2015
Redding zoeken
Juni 2015


Redding zoeken

De auteur woont in Utah (VS).

Net zoals de 33 mannen die door een ingestorte mijn in Chili geen kant op konden, voelen wij misschien dat we door onze beproevingen en zwakheden geen kant op kunnen. Het heilsplan biedt echter hoop op redding.

a cave with light showing through

Foto-illustratie iStockphoto/Thinkstock

Op 5 augustus 2010 kwamen 33 Chileense mijnwerkers vast te zitten nadat de mijn was ingestort. Ze moesten het met een kleine, veilige ruimte en de mijnschachten onder het ingestorte gedeelte doen, 700 meter diep onder de grond.

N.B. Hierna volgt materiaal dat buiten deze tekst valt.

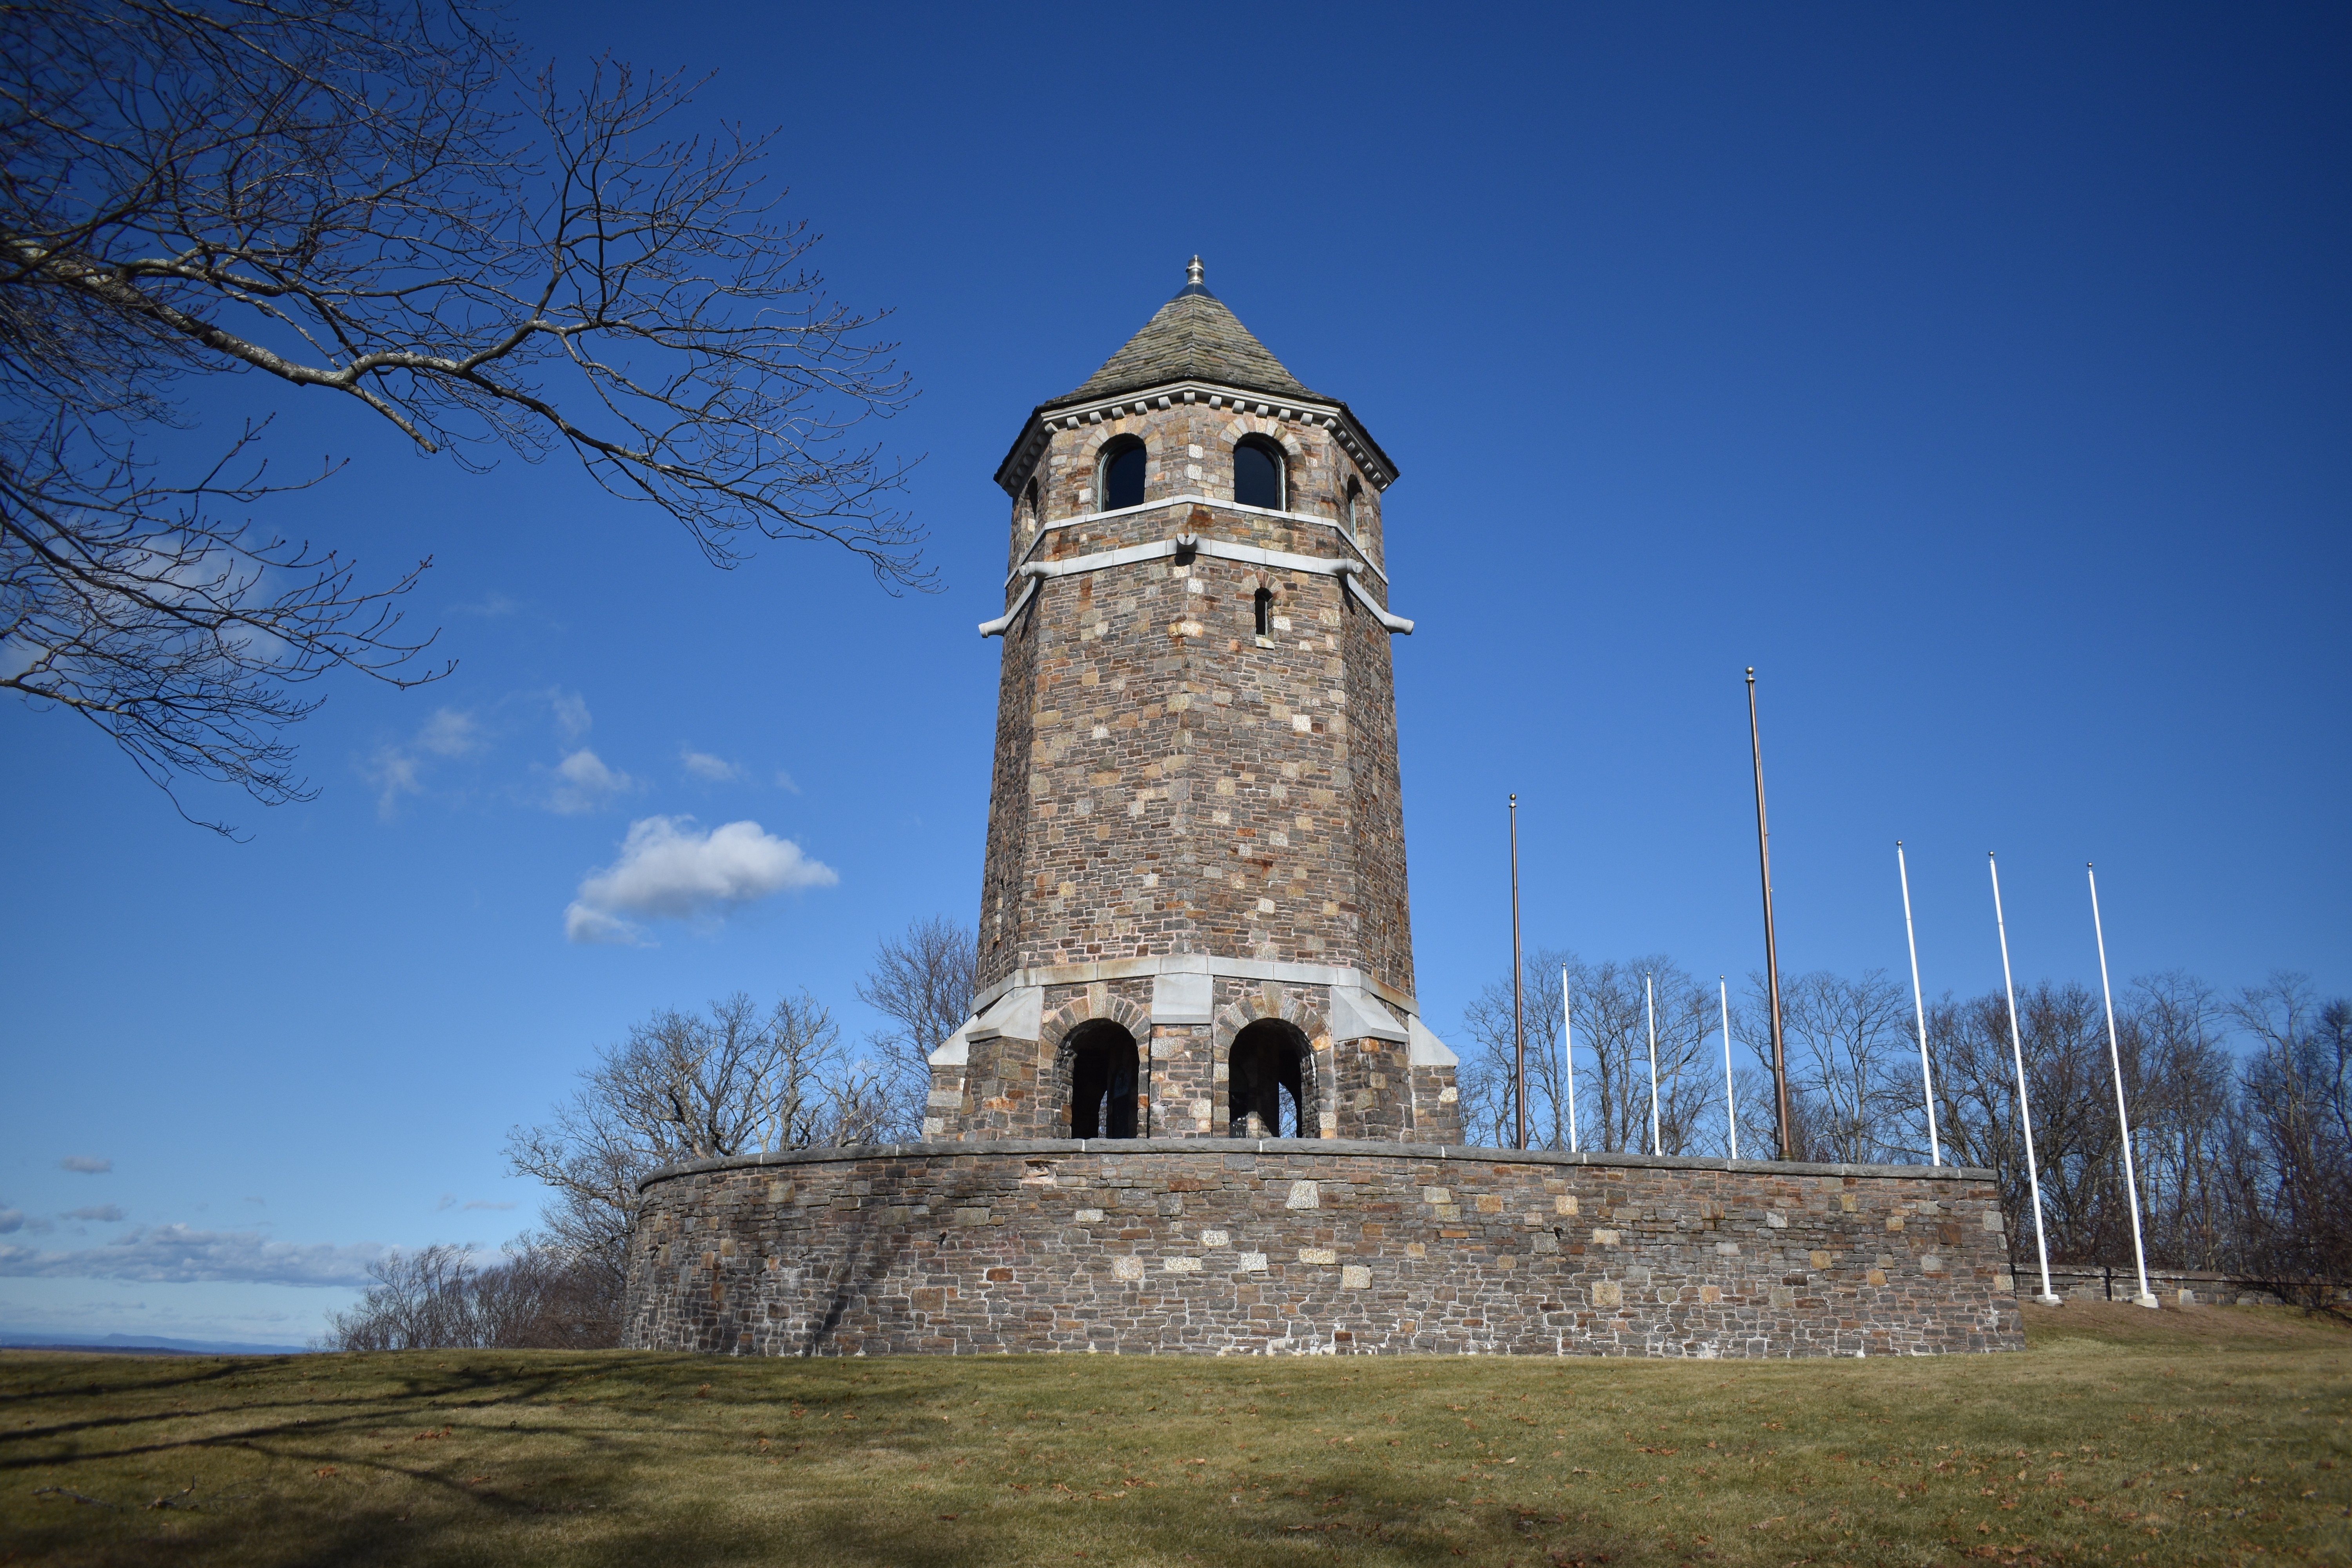 Fox Hill Tower in Vernon-Rockville, CT

De situatie zag er niet rooskleurig uit. Ze waren door onbeweeglijk rotsgesteente van bijna driekwart kilometer dik boven hen van huis en haard gescheiden, met slechts een kleine voorraad voedsel en water. Ofschoon ze wel gereedschap en knowhow hadden, konden ze zich vanwege de instabiliteit van de mijn niet zelf bevrijden. Hun enige kans was dat ze gevonden en gered zouden worden.

Ze kozen er desondanks voor om hoop te koesteren. Ze overlegden met elkaar, rantsoeneerden hun voedsel en water, en wachtten. Ze vertrouwden erop dat de mensen aan de oppervlakte al het mogelijke deden om hen te redden. Toch moet het moeilijk geweest zijn om die hoop vast te houden terwijl ze in het duister wachtten. Er gingen dagen en toen weken voorbij. Hun zorgvuldig gerantsoeneerde voedsel raakte op.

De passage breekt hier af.